「ゆうこうこつこっせつ」と読み、鉤骨折(こうこっせつ)と呼ばれることもあります。有鉤骨は、右手を例に挙げると環指と小指の中間、下方にある手根骨の一つで、手のひらの側に突起=鉤が存在するという特異な骨になっています。

鉤骨折
鉤骨折写真
手のひら側のCT画像から、突起=鉤の骨折が確認できます。

交通事故においては、バイクのアクセルを握った状態で出合い頭衝突をした際に右手に発症するケースが多くみられます。また、バイクや自転車から転倒して手をつくことでも発症しています。

交通事故以外のケースだと、ラケットやバット、ゴルフクラブのグリップを振った時に、有鉤骨骨折が発生しています。ずれがない骨折の場合だとおよそ6週間、前腕部以下のギプス固定をして治療していきます。ずれ(転位)が大きい場合だと、骨折した鉤の切除を行います。

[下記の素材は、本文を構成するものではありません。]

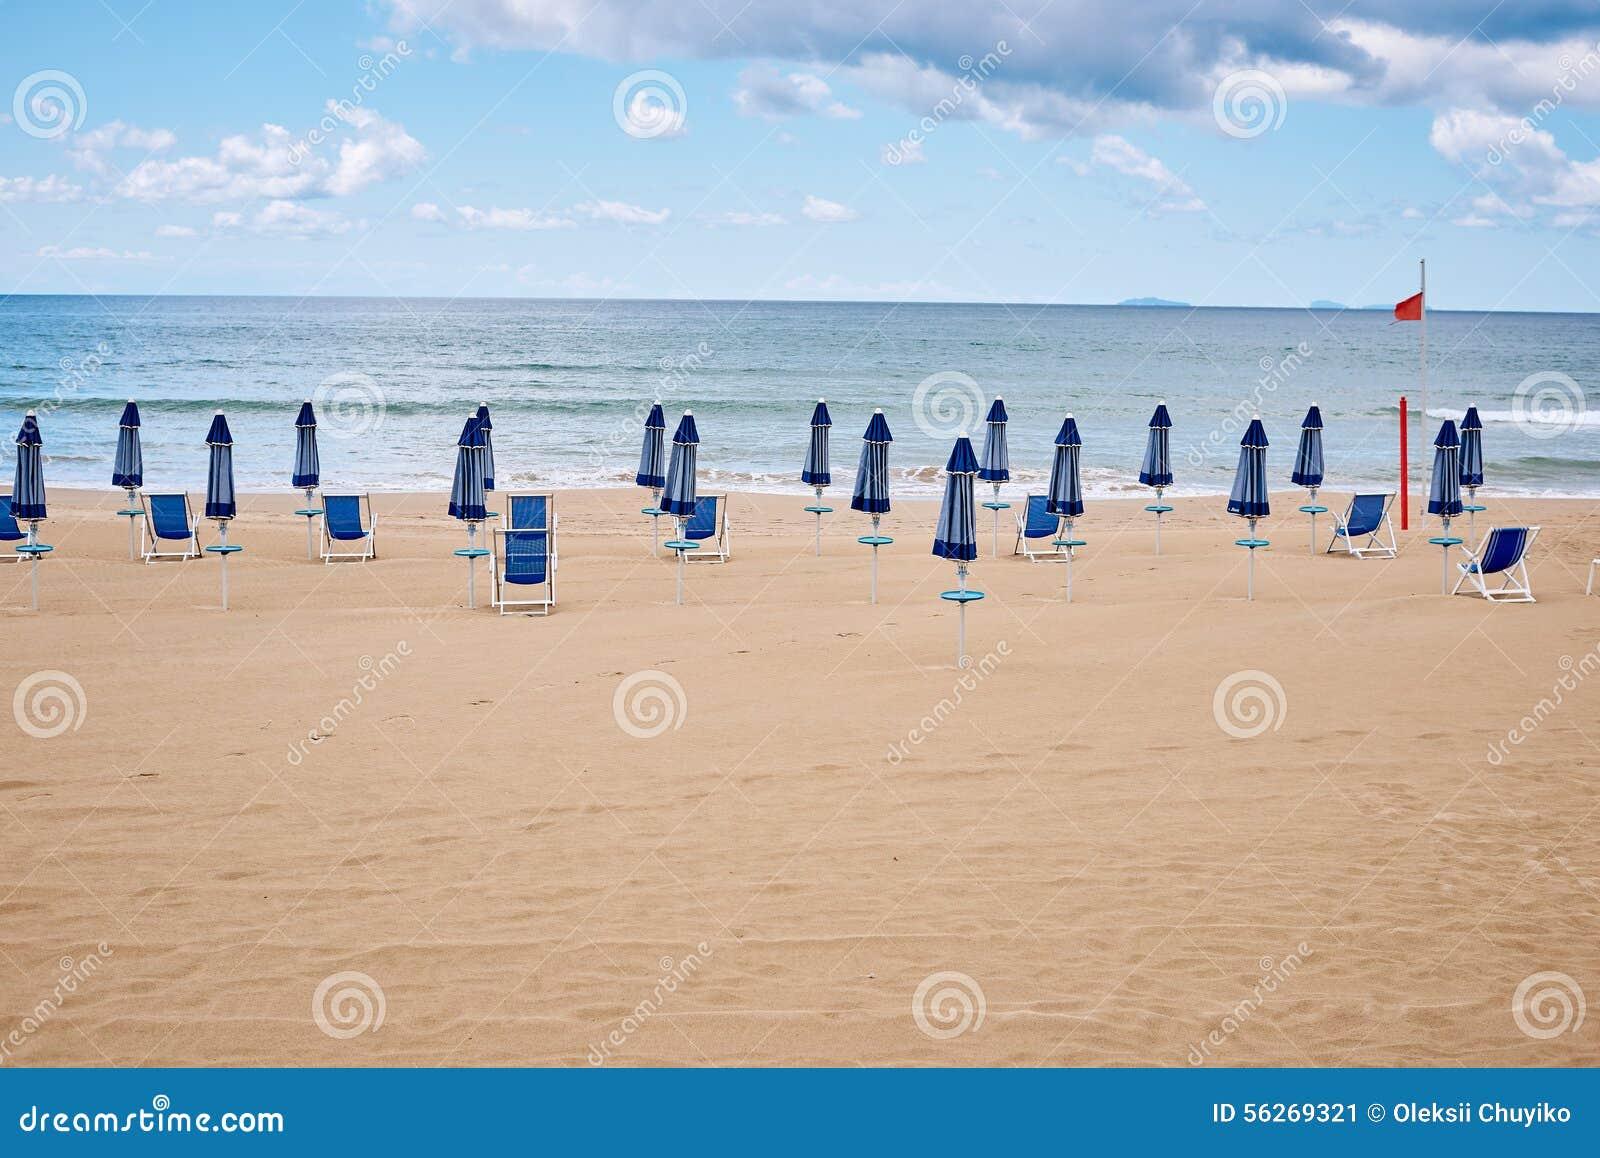 Een strand met paraplu s en zonbedden op kust

切除をする場合は、1週間の外固定をすれば、手は使用できるようになりますが、再びスポーツを開始するには、4週間以上の時間がかかります。

後遺障害認定のポイント

① スポーツの際の骨折なら、一般的には、後遺障害が残りません。スポーツに伴う有鉤骨骨折では、ギプス固定の場合でも切除術の場合でも、後遺障害は残らずに治癒していきます。

② ところが、交通事故の場合は、衝撃、破壊力がスポーツとは桁違いなため、骨折部分の痛みが長期に渡って続くことが予想されます。骨折部の変形を3DCTを用いて立証して、神経症状で、12級13号、14級9号の認定を得ることを目指します。少数ですが、手関節の可動域制限で12級6号の認定の可能性もあります。

③手根骨の骨折は、主治医が見逃すことが多いため、すぐにでも専門医を受診してください。

骨折部は受傷直後から痛みや動作痛が発生しますが、激痛というわけではありません。つまり、痛みの訴えが乏しくなりがちだということです。さらに、有鉤骨骨折は、XP撮影をしたとしても、2方向からでは確認できません。主治医に「しばらく様子を見てみましょう」と言われ、数か月様子を見たが痛みは引かないため、初めて専門医を受診して、ようやく有鉤骨が骨折していると発見されても、時間が経ち過ぎていると自賠責の調査事務所は本件事故との因果関係を疑うため、後遺障害の認定には不利になってしまうのです。主治医に期待できない場合は、出来るだけ早いうちに専門医を受診しましょう。